**THE DATA:**
__________

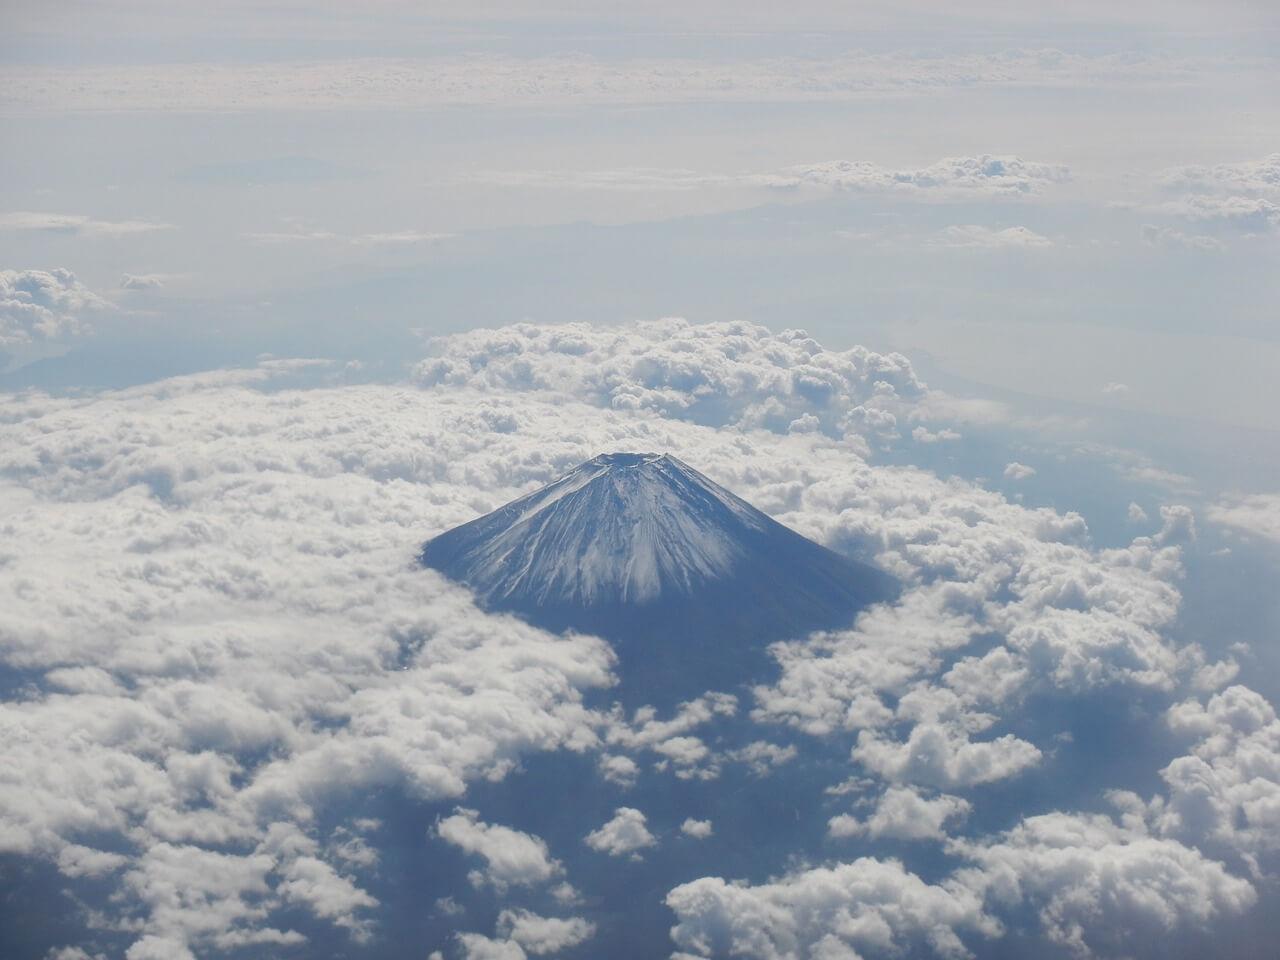 جبل فوجي مقصد السياح ورمز اليابان الخالد
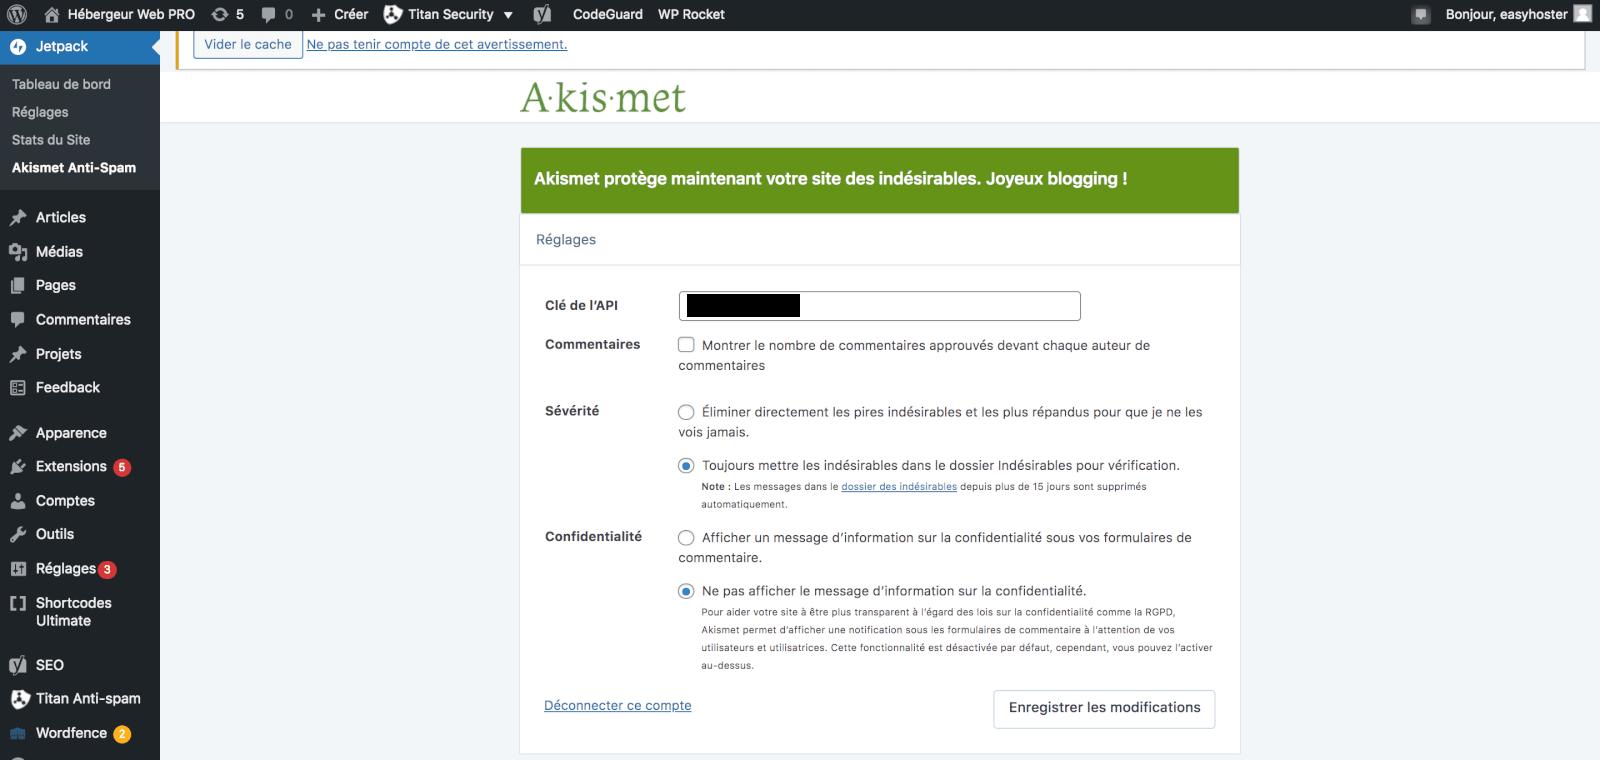 Akismet plugin indispensable pour empêcher les spams en commentaire
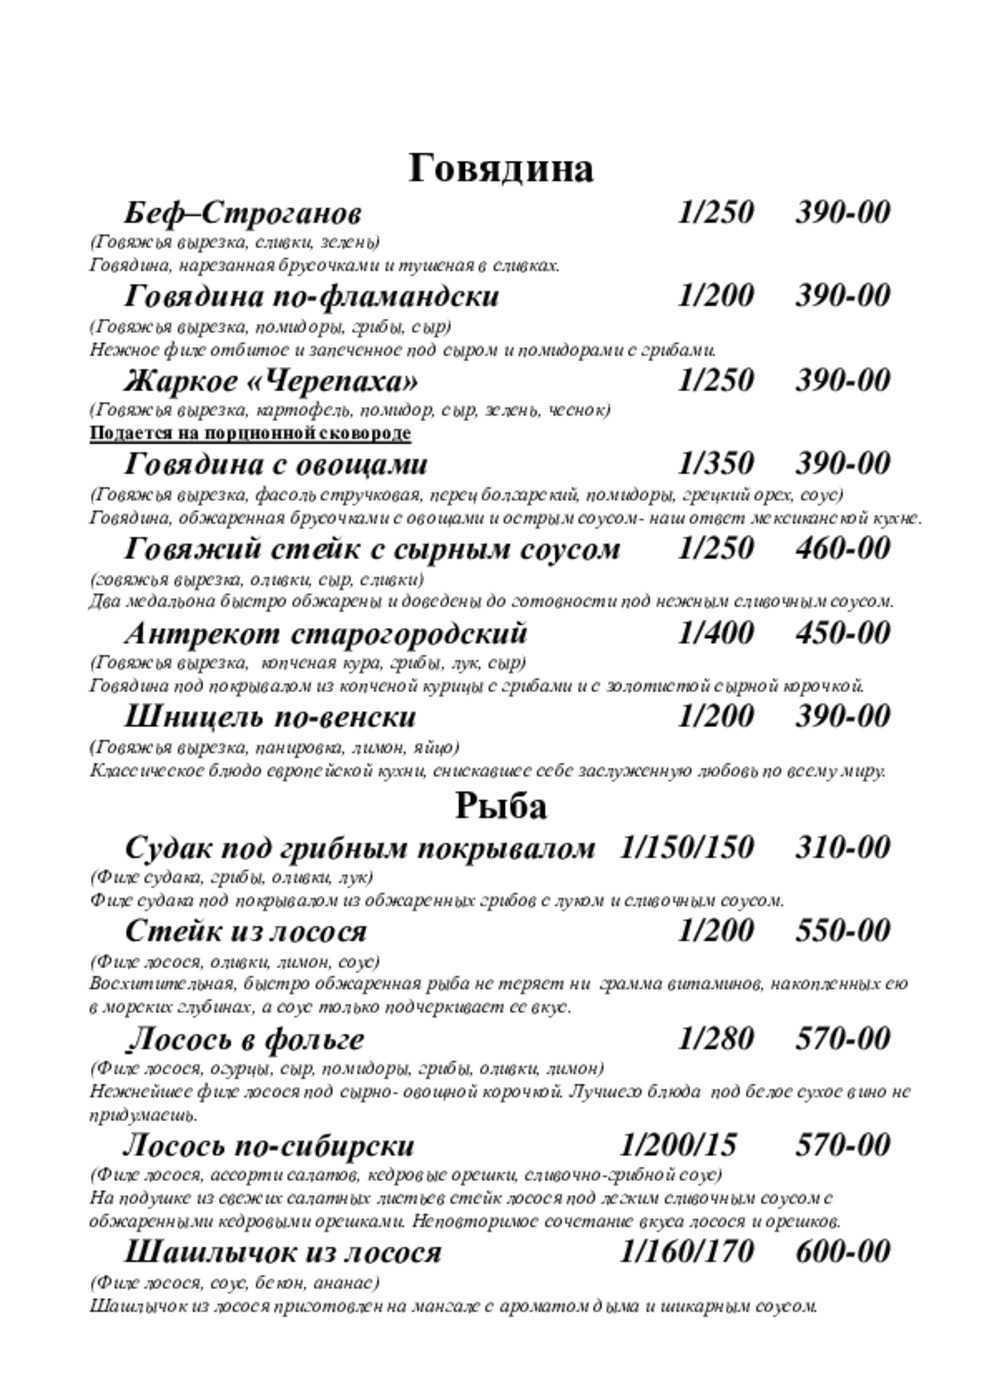 Меню кафе Старый город на улице Достоевского фото 5

__________

**EXERCISE INSTRUCTIONS:** An exact reproduction of the material is needed, without its images.

**ANSWER FOR THE TASK:**
 جبل فوجي مقصد السياح ورمز اليابان الخالد
 Akismet plugin indispensable pour empêcher les spams en commentaire
 Меню кафе Старый город на улице Достоевского фото 5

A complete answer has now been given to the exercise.